Affiliation:
1Department of Cardiology, Hai’an Hospital of Traditional Chinese Medicine, Nantong 226600, Jiangsu, China
ORCID: https://orcid.org/0009-0005-7889-482X
Affiliation:
2Department of Cardiology, Kunshan Hospital of Traditional Chinese Medicine, Suzhou 215300, Jiangsu, China
ORCID: https://orcid.org/0000-0003-0745-6169
Affiliation:
2Department of Cardiology, Kunshan Hospital of Traditional Chinese Medicine, Suzhou 215300, Jiangsu, China
ORCID: https://orcid.org/0009-0006-1355-5226
Affiliation:
2Department of Cardiology, Kunshan Hospital of Traditional Chinese Medicine, Suzhou 215300, Jiangsu, China
Email: fjhheart@126.com
ORCID: https://orcid.org/0000-0002-3144-9324
Explor Cardiol. 2025;3:101272 DOI: https://doi.org/10.37349/ec.2025.101272
Received: August 13, 2025 Accepted: September 12, 2025 Published: September 22, 2025
Academic Editor: Alireza Ansari-Moghaddam, Zahedan University of Medical Sciences, Iran
Phrenic nerve palsy (PNP) is a recognized complication of cryoballoon ablation (CBA) for atrial fibrillation (AF), particularly during the ablation of the right superior pulmonary vein (RSPV). We report the case of an 80-year-old female with a history of hypertension, who was admitted for CBA of paroxysmal AF. Despite optimal medical treatment with amiodarone, the patient experienced recurrent episodes of AF, prompting the decision to proceed with CBA. During the procedure, while isolating the RSPV, diaphragmatic movement was significantly weakened after 92 seconds of cryoablation at a temperature of –52°C. Immediate cessation of the procedure and intravenous methylprednisolone were administered, resulting in partial recovery of diaphragmatic movement. However, when the procedure resumed, diaphragmatic movement once again diminished, and despite further steroid treatment, the movement did not recover by discharge. The patient remained asymptomatic with stable oxygen saturation, and no respiratory distress was noted. At a six-month follow-up, the patient reported no symptoms of chest tightness or shortness of breath, and her general condition remained stable, although diaphragmatic movement had not fully recovered, indicating partial functional compensation. This case underscores the importance of continuous phrenic nerve monitoring during CBA, early detection of complications, and appropriate management to prevent irreversible injury, highlighting the need for careful procedural planning and postoperative follow-up in elderly patients with comorbidities.

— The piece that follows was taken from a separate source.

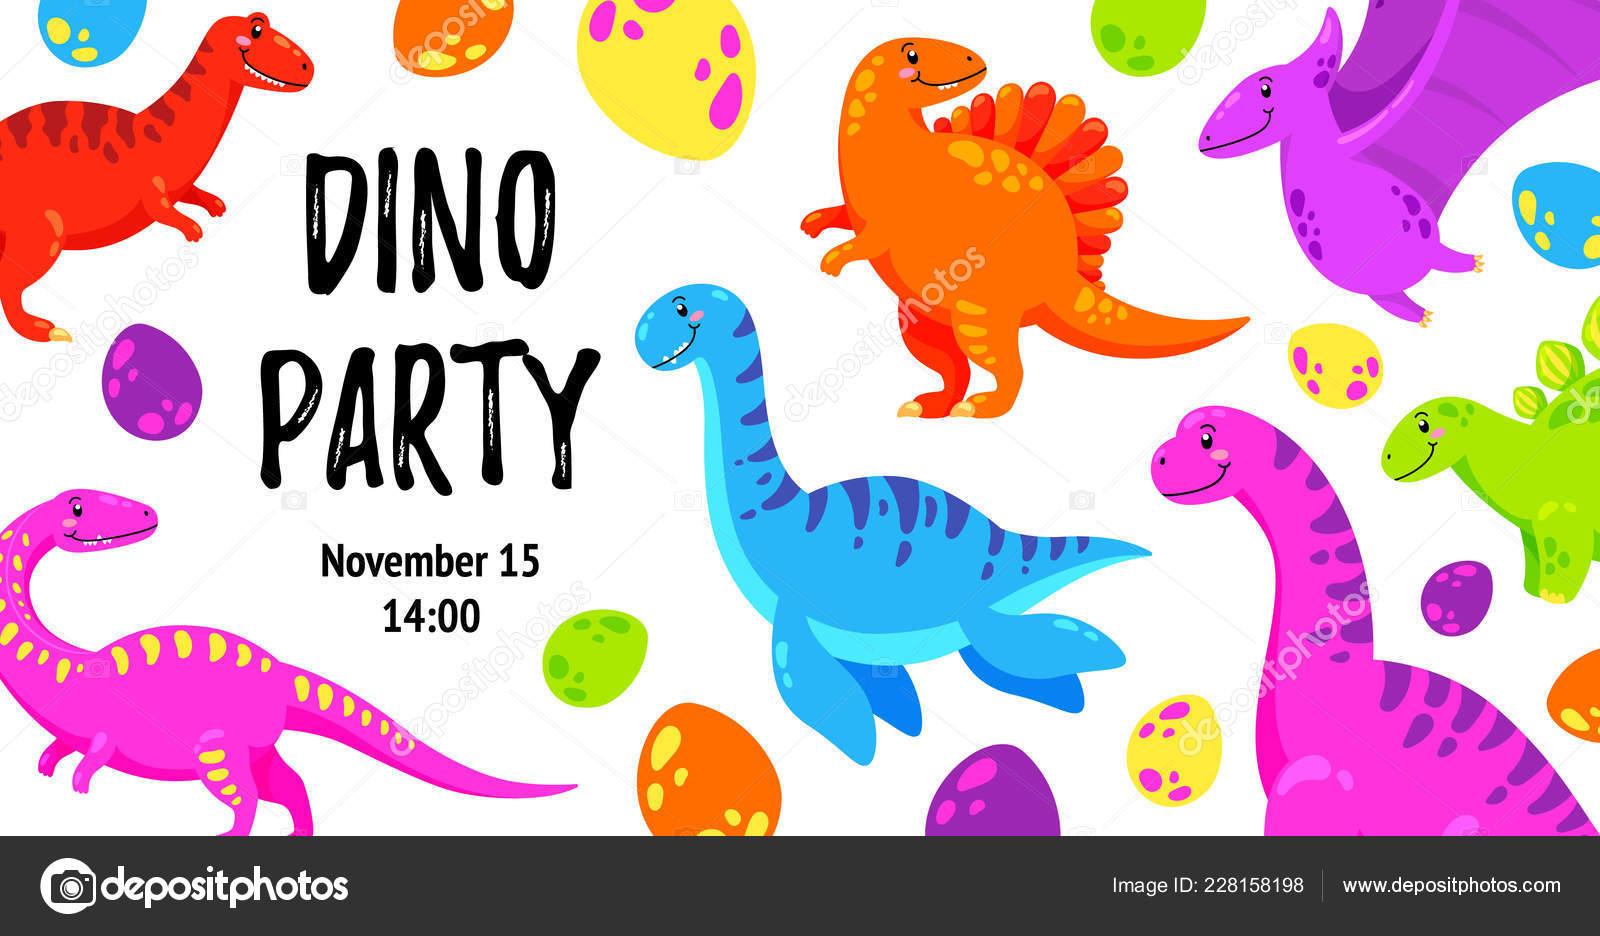 Linda Tarjeta Felicitación Con Dinosaurio Invitación Fiesta

Phrenic nerve palsy (PNP) is a well-recognized complication of cryoballoon ablation (CBA) for atrial fibrillation (AF). We present a case of an 80-year-old woman who developed prolonged PNP following CBA, underscoring the importance of vigilant monitoring and timely management to reduce the risk of permanent dysfunction.
An 80-year-old woman with a history of hypertension was admitted for CBA due to paroxysmal AF. Over the previous three months, she had experienced multiple symptomatic AF episodes lasting several hours despite treatment with amiodarone. Her hypertension was managed with valsartan. Preprocedural transthoracic echocardiography revealed a left ventricular ejection fraction (LVEF) of 62%, normal left ventricular dimensions, and a mildly enlarged left atrium (LA) (diameter 42 mm), without significant valvular disease. Owing to her age and comorbidities, other class I or III antiarrhythmic agents were not considered appropriate. Given her persistent symptoms and limited response to medical therapy, CBA was chosen as the treatment strategy.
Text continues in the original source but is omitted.